Joginder came here to help me move. The place I lived before was very close to the beach. I showed him the ocean and he gazed at it for a while. After some time, he came to me and asked where the village was.

Which village?

‘One can always see a village across water.’

This is not a river, this is an ocean, Joginder. It stretches for hundreds of miles. You won’t be able to see a village across the water.

‘I think it is a bit foggy today, that’s why you can’t see the village.’ I am still wondering how to explain an ocean to him. If you think an atlas or a globe will work, try with someone who dropped out after the third standard.

Why did you drop out, Joginder?

‘I didn’t enjoy studying. I liked fishing and farming.’

He works as a mason now, a daily-wage earner who lives in my uncle’s house in Patna. Once in a while he does special assignments, like this one month with me. His family lives in Naubatpur, two hours by bus from Patna.

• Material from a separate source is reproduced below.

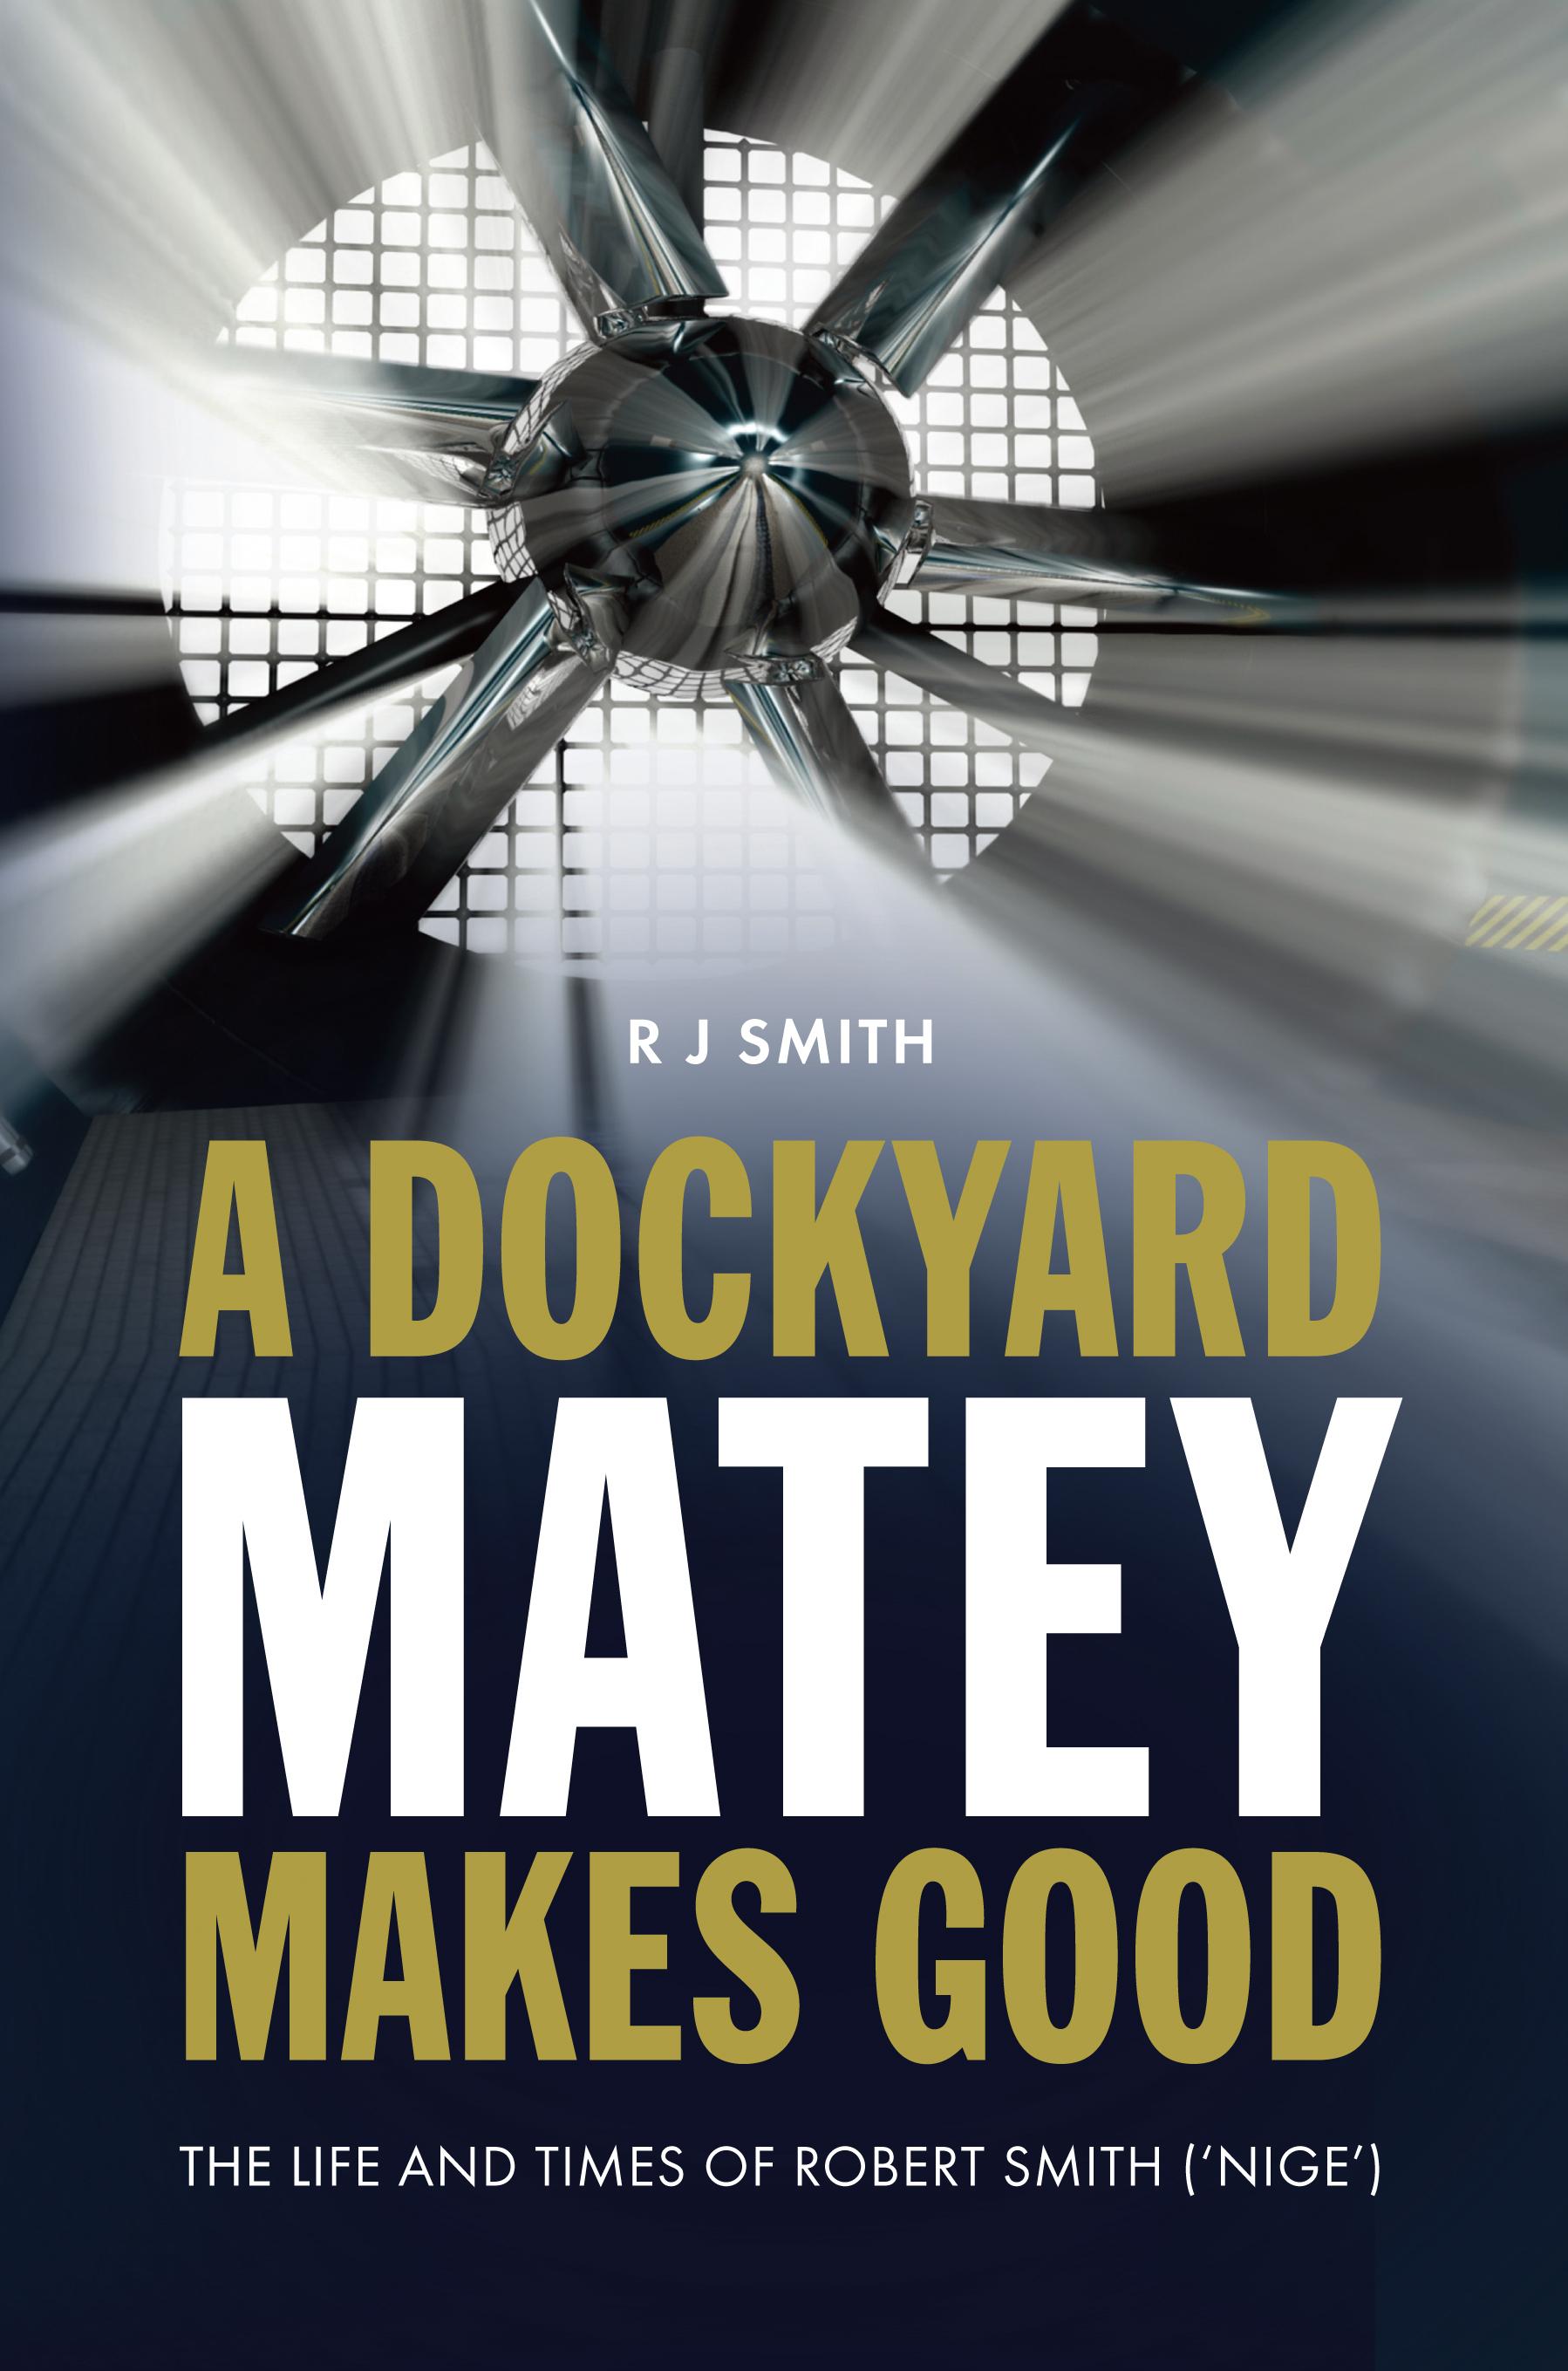 A Dockyard Matey makes Good  by  Robert Smith

Why don’t you come work with me?

‘I like being a mason. I enjoy working with cement.’

Cement is bad for you Joginder.

‘It is not bad,’ he said, pointing to his foot. The skin was peeling off. ‘See, when you work with cement, the old skin peels off and then new soft skin, baby-like skin, appears.’

I was going to try some more. Get your family here too, Joginder.

‘Then who will cook for my parents?’

His brother visited for a few days, he was tempted to come work with me. The three of us discussed the pros and cons, and the pros of his staying with McDonald’s looked bigger simply because of the medical cover – one hundred percent, according to his brother. He was hospitalized once and they paid for his entire treatment and stay. His brother also explained about the provident fund.

‘See, they also get pencil,’ Joginder said.

Pencil?

‘Yes, in some jobs, after you get old and retire, you get money. They call it pencil.’

One day, while driving back from somewhere, I showed him the Santhome church.

‘It is a mandir (temple)?’

No, it is a church, Christians go there.

‘Oh ok. They have what they call god na?’

Last night when we went for a walk, he showed me his photo on his Chinese touch-screen phone. ‘It has come out good na?’ Yes, very nice. ‘Took it in the garden in this park.’

This township does have one of the nicest parks I have seen in this country. It has basketball and badminton and tennis courts, a children’s play area, a terraced garden, and several gazebos where you could sit and watch.

Done with the photo – he does like preening himself – he asked me what ‘customer’ meant.

I explained, and then asked him why he had asked.

He said when he had come with his brother to the park one day, two men came up and asked if they were customers here. He didn’t understand, just nodded, and was asked to leave the park.

Something somewhere had obviously been lost in translation, but I guess he had been asked if he had meandered from outside the township.

Time for dinner and walk now. He has decided to make sattu parathas and bhindi sabji tonight. If there is one thing he is proud of, it is his cooking.

We found a Hindi-speaking cook from Bihar yesterday, just in time for her to get coached by Joginder. ‘Don’t worry bhaiyya, I shall teach her everything. I will tell her that it is very little oil and no red chilli in this house. I shall also tell her how to make rotis.’

When I came back from work last night, I asked him how it had been with Mamta.

‘She is very good, bhaiyya. She cooks better than me, and faster. I tried her food, it is very tasting.’

The food was very tasting indeed. Mamta was obviously a consummate cook and I am relieved that the transition happened smoothly, and in Hindi too. In my life, good fresh simple home-made meals are a feast.

I will try my best to look ahead and get excited, but deep down I know I will miss this little guy sorely. The little guy who I could not spot at the railway station a month ago because I had forgotten that he was littler than I had remembered.

The little guy who carried with him a small backpack which had all his stuff, and a large wooden carton of mangoes for me.